Information supplied Block Start
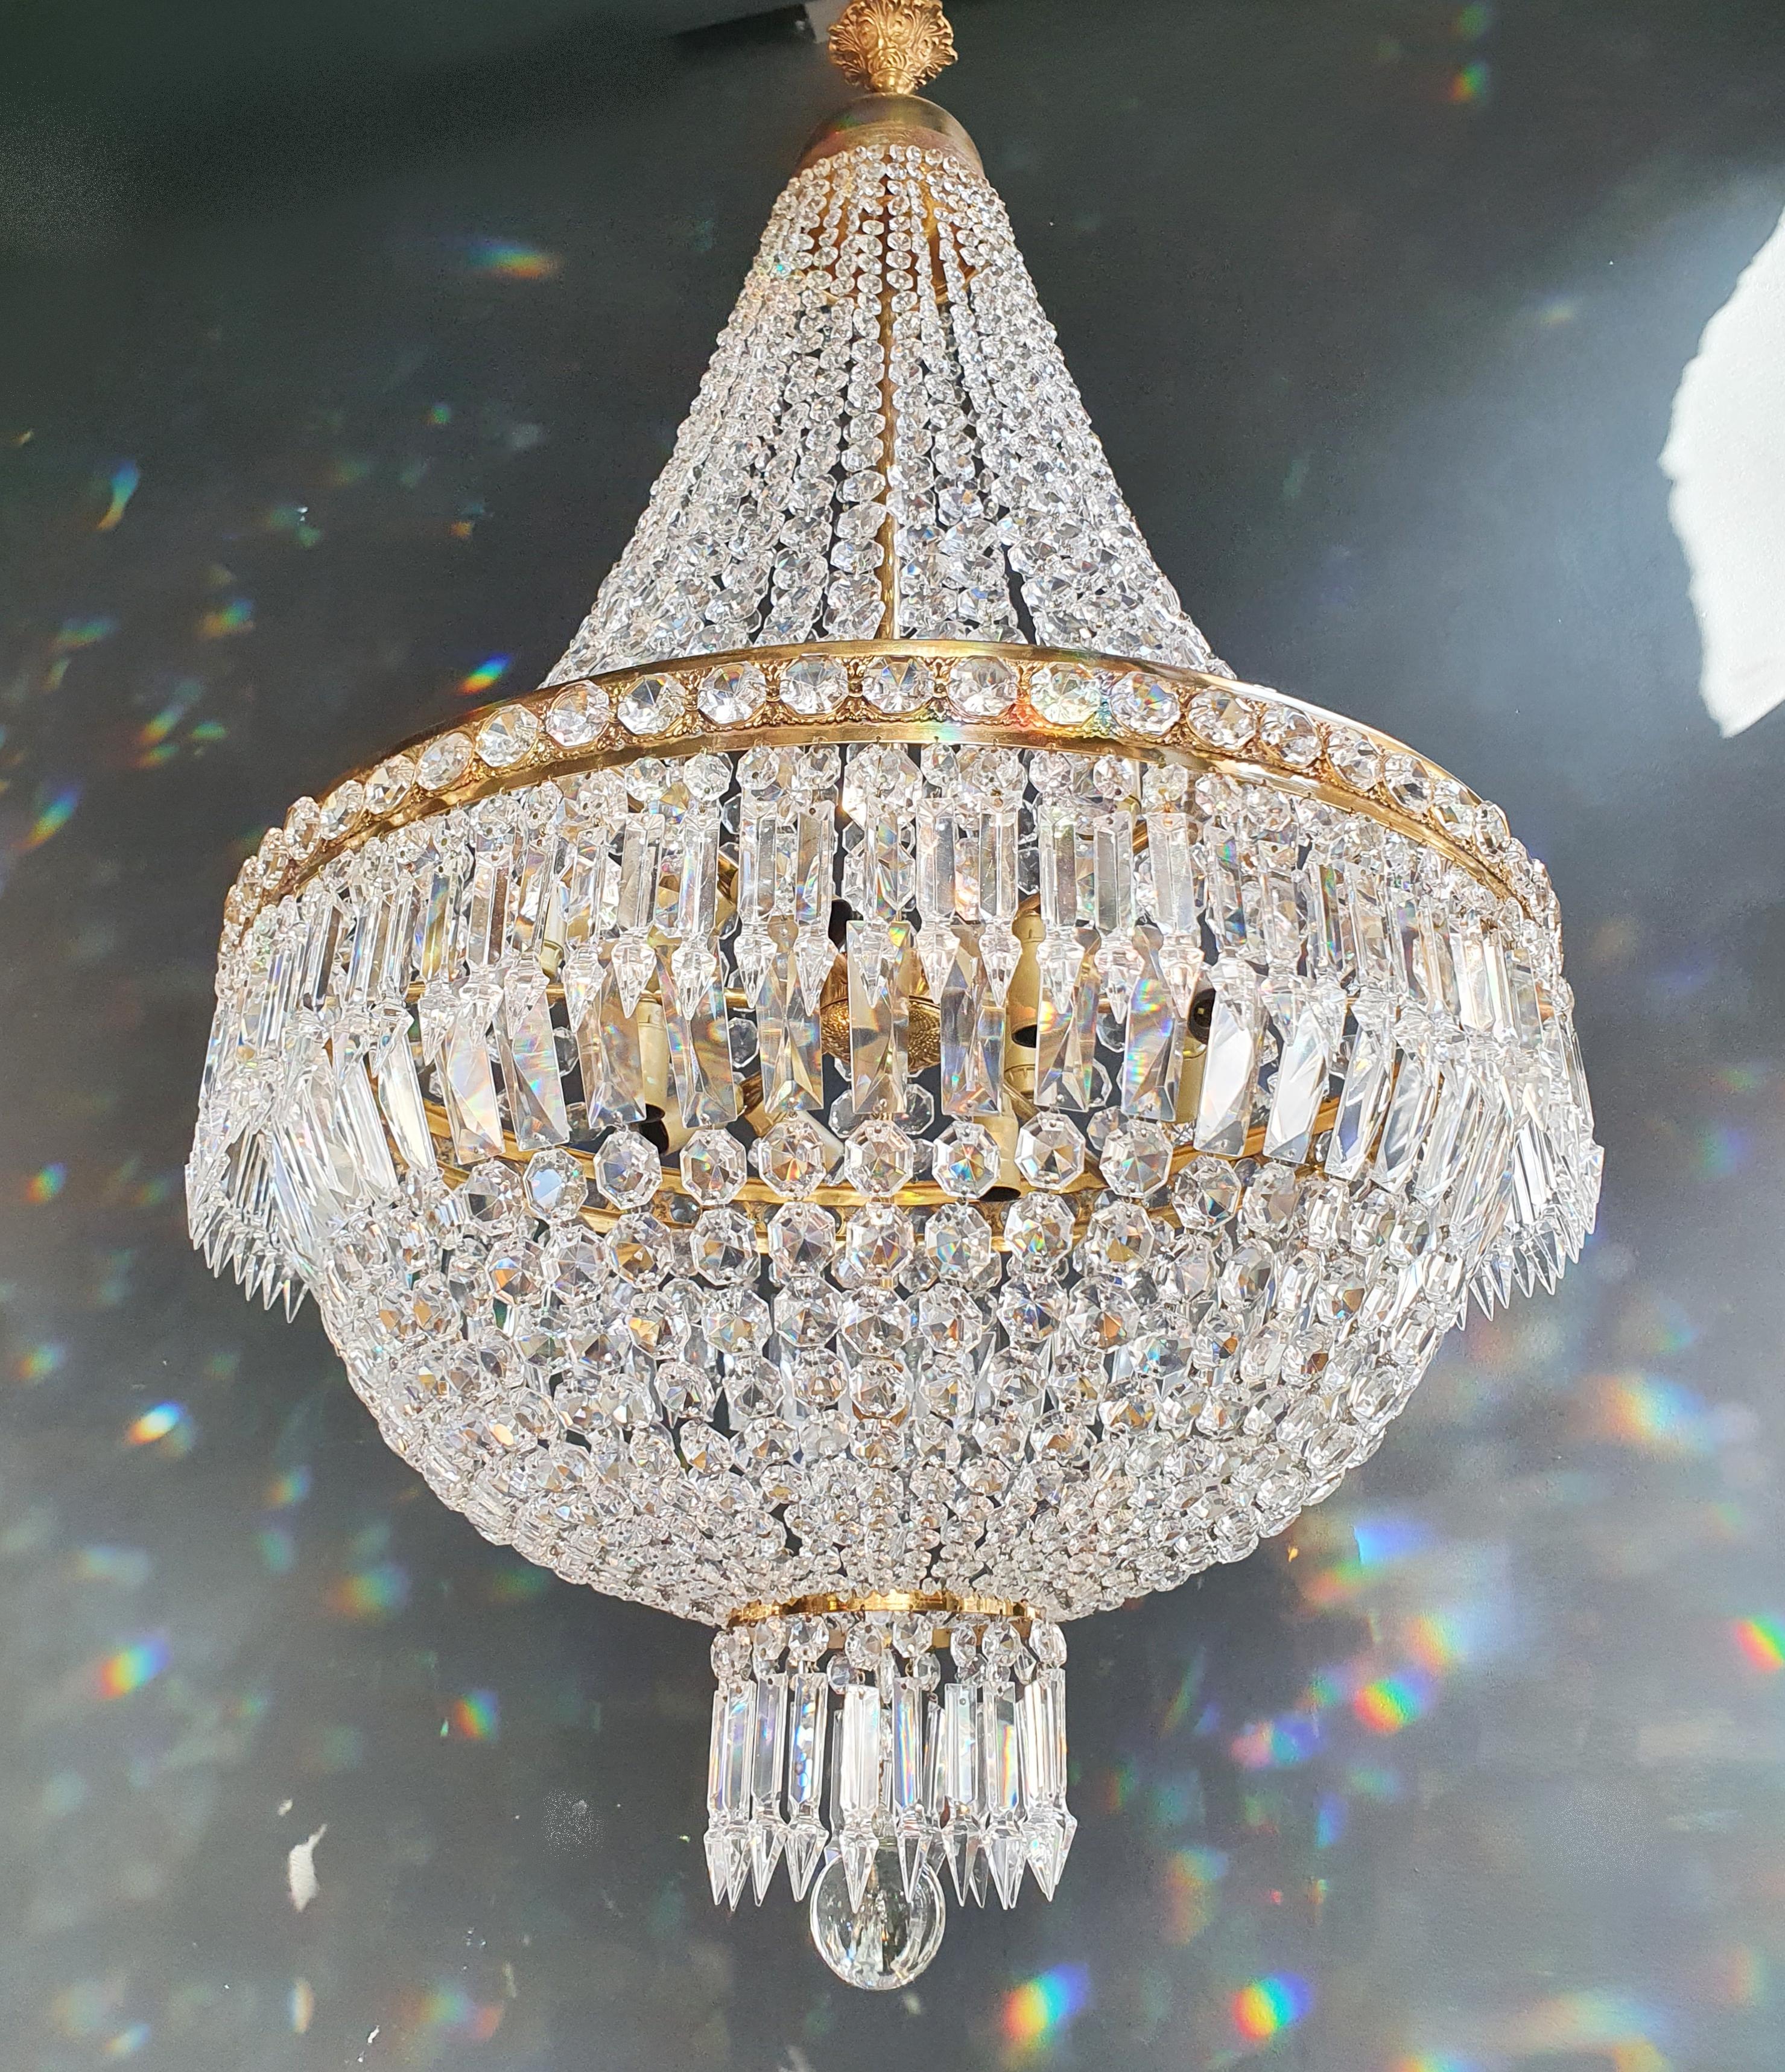 Montgolfiè Empire Brass Sac a Pearl Chandelier Crystal Lustre Ceiling Antique 3
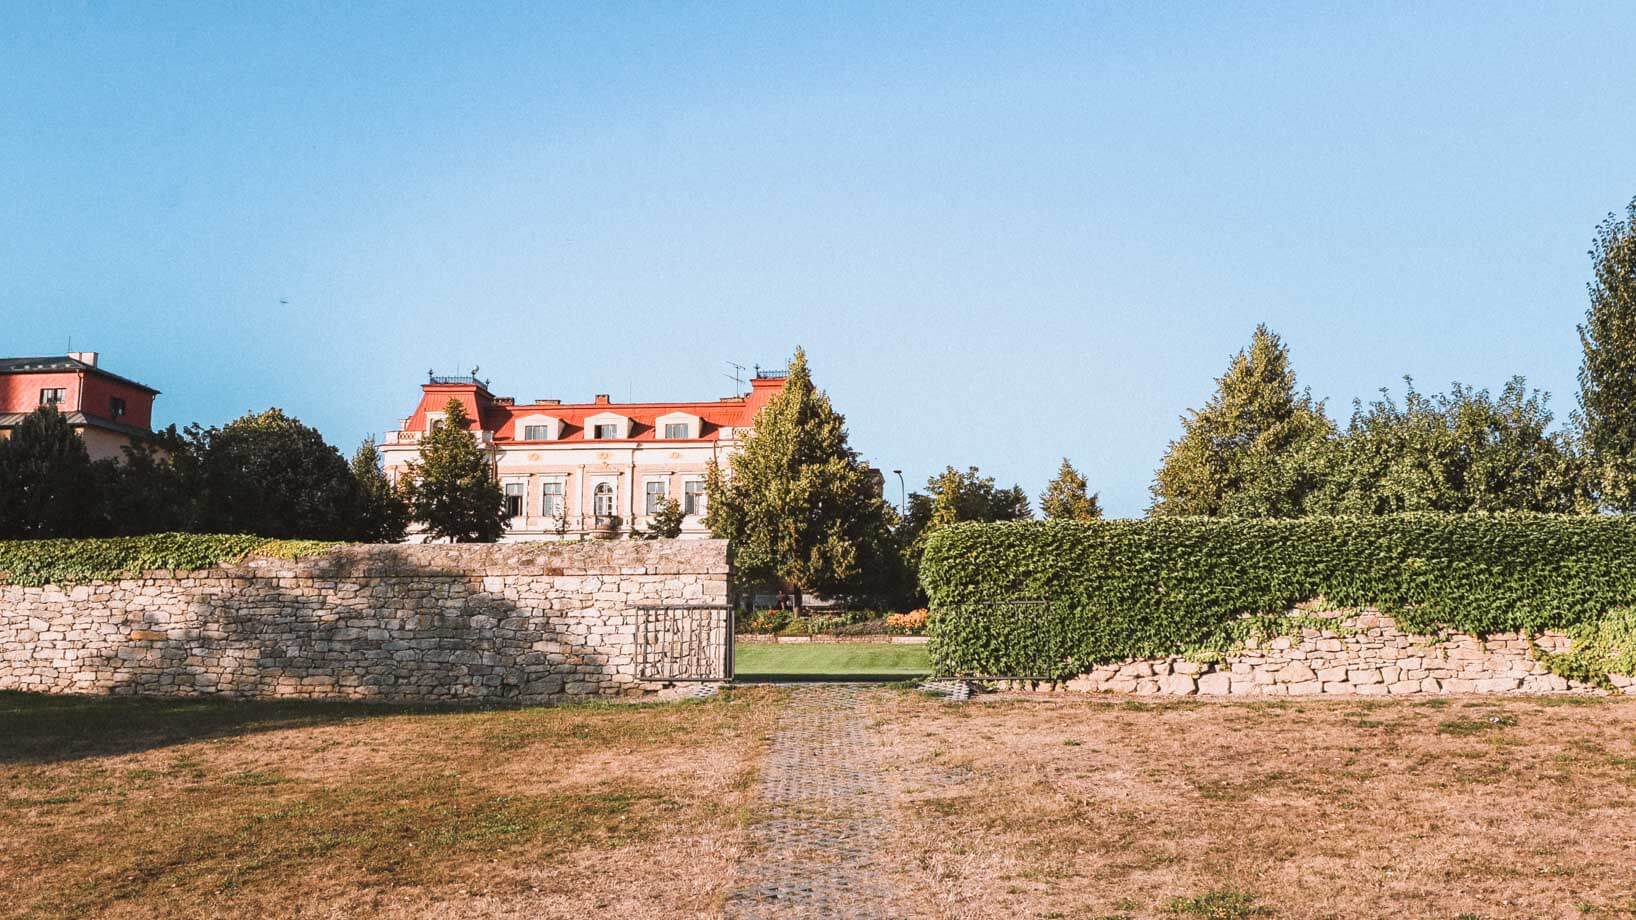 Monastery Garden Entrance - Visit Litomysl in Czechia - the New Paris for Bohemian Souls
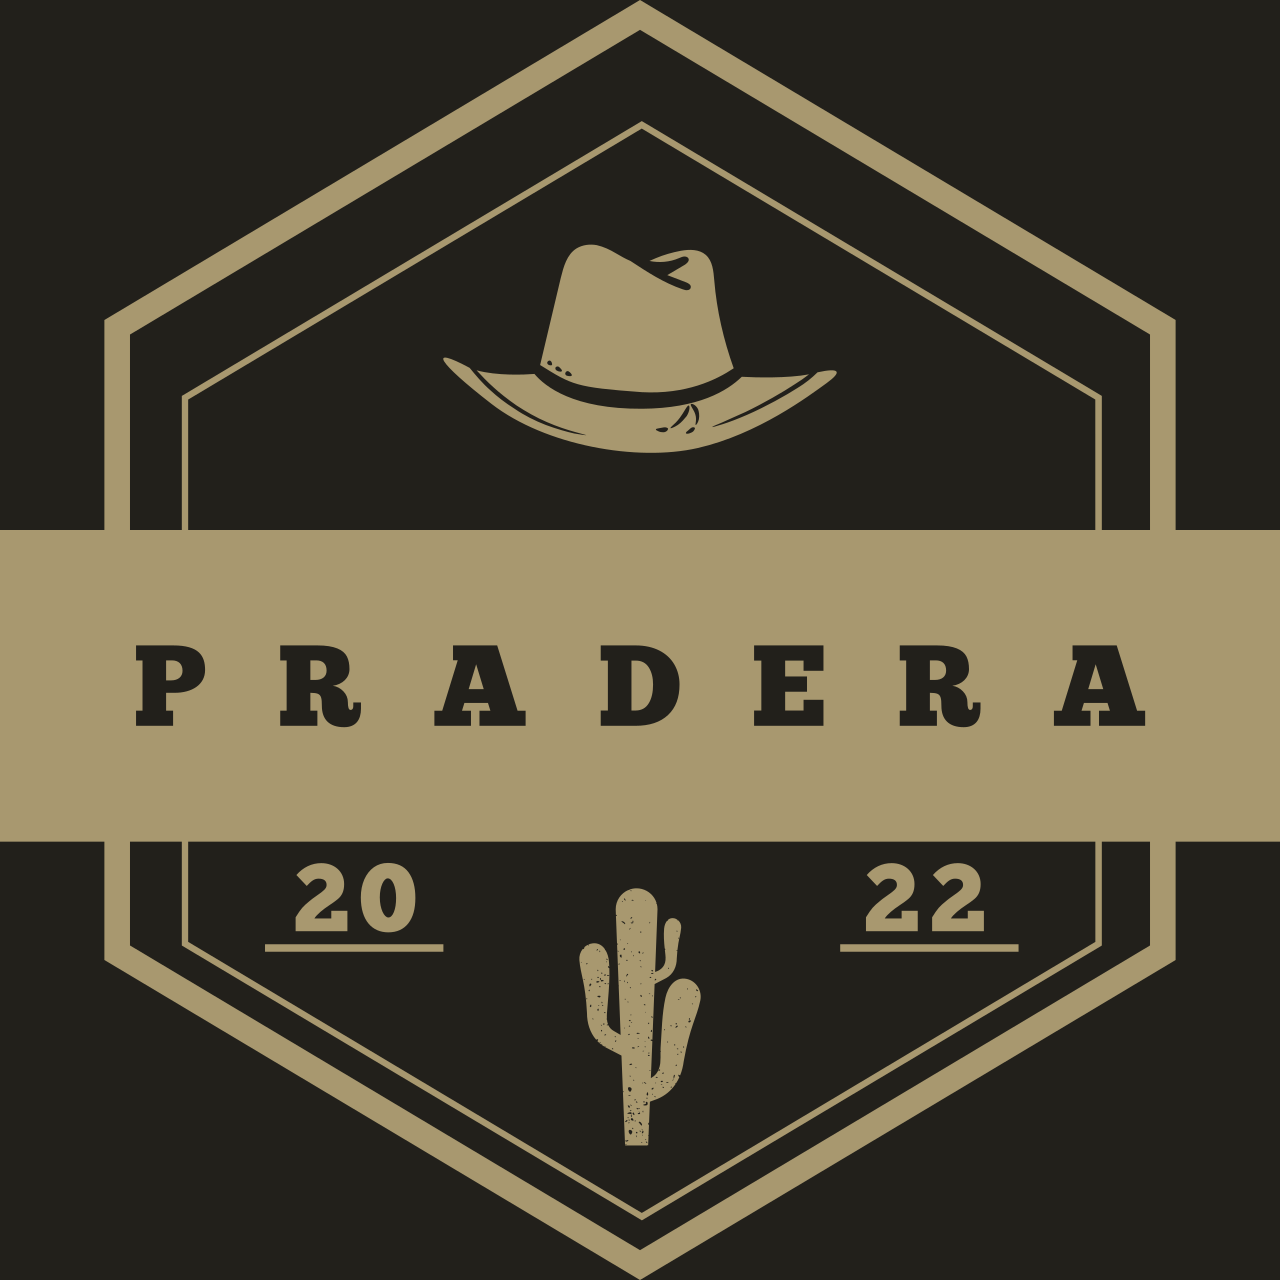 Pradera's logo
Information supplied Block End
● **Work item**:
Reprint the listing above exactly, without images.

● **Task result**:
 Montgolfiè Empire Brass Sac a Pearl Chandelier Crystal Lustre Ceiling Antique 3
 Monastery Garden Entrance - Visit Litomysl in Czechia - the New Paris for Bohemian Souls
 Pradera's logo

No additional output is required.